How many milliliter of a 0.206M HI solution are needed to reduce 22.5 mL of a 0.374 M KMnO4 solution according to the following equation

10HI+2KMNO4+3H2SO4 - 5I2 + 2MnSO4+8H2O

204mL

Explanation:

We'll begin by calculating the number of mole of KMnO4 in 22.5 mL of 0.374 M KMnO4. This is illustrated below:

Molarity of KMnO4 = 0.374 M

Volume = 22.5 mL = 22.5/1000 = 2.25x10^-2L

Mole = ?

Molarity = mole / Volume

Mole = Molarity x Volume

Mole of KMnO4 = 0.374x2.25x10^-2

Mole of KMnO4 = 8.415x10^-3 mole

The equation for the reaction is given below:

10HI + 2KMnO4 + 3H2SO4 - > 5I2 + K2SO4 + 2MnSO4 + 8H2O

From the balanced equation above,

2 moles of KMnO4 reacted with 10 moles of HI.

Therefore, 8.415x10^-3 mole of KMnO4 will react with = (10x8.415x10^-3) / 2 = 0.0421 mole of HI.

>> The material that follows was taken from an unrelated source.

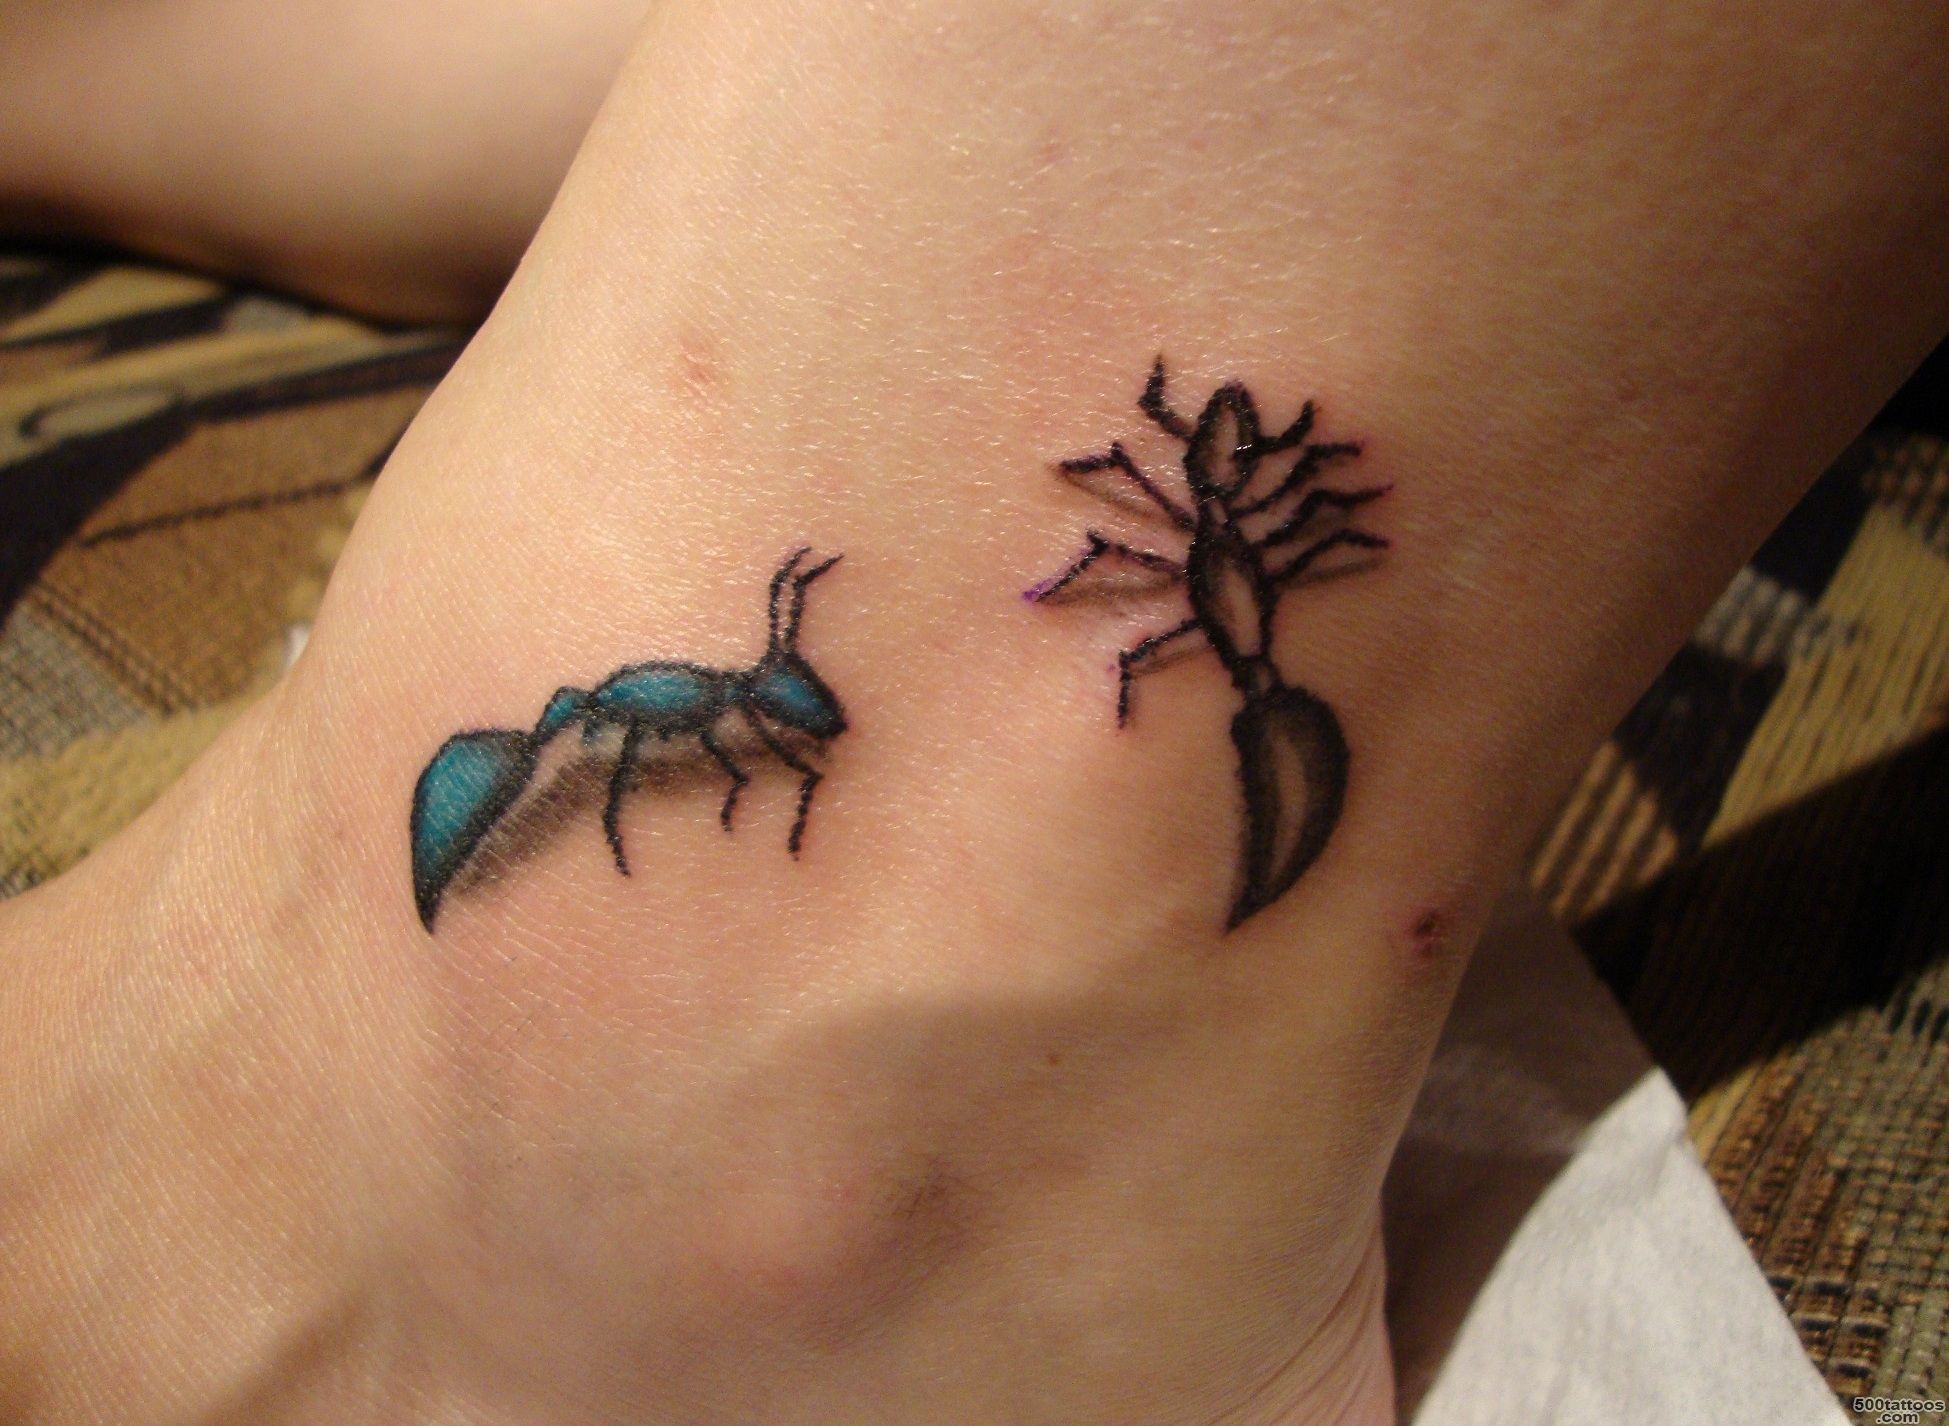 Ant Tattoo Design Ideas - wide 3

Now, with this amount (i. e 0.0421 mole) of HI, we can obtain the volume of 0.206M HI solution needed for the reaction. This is illustrated below:

Molarity of HI = 0.206M

Mole of HI = 0.0421 mole

Volume = ?

Molarity = mole / Volume

Volume = mole/Molarity

Volume = 0.0421/0.206

Volume = 0.204L

Now let us convert 0.204L to mL. This is illustrated below:

1L = 1000mL

0.204L = 0.204 x 1000 = 204mL

Therefore, 204mL of 0.206M HI solution is needed for the reaction.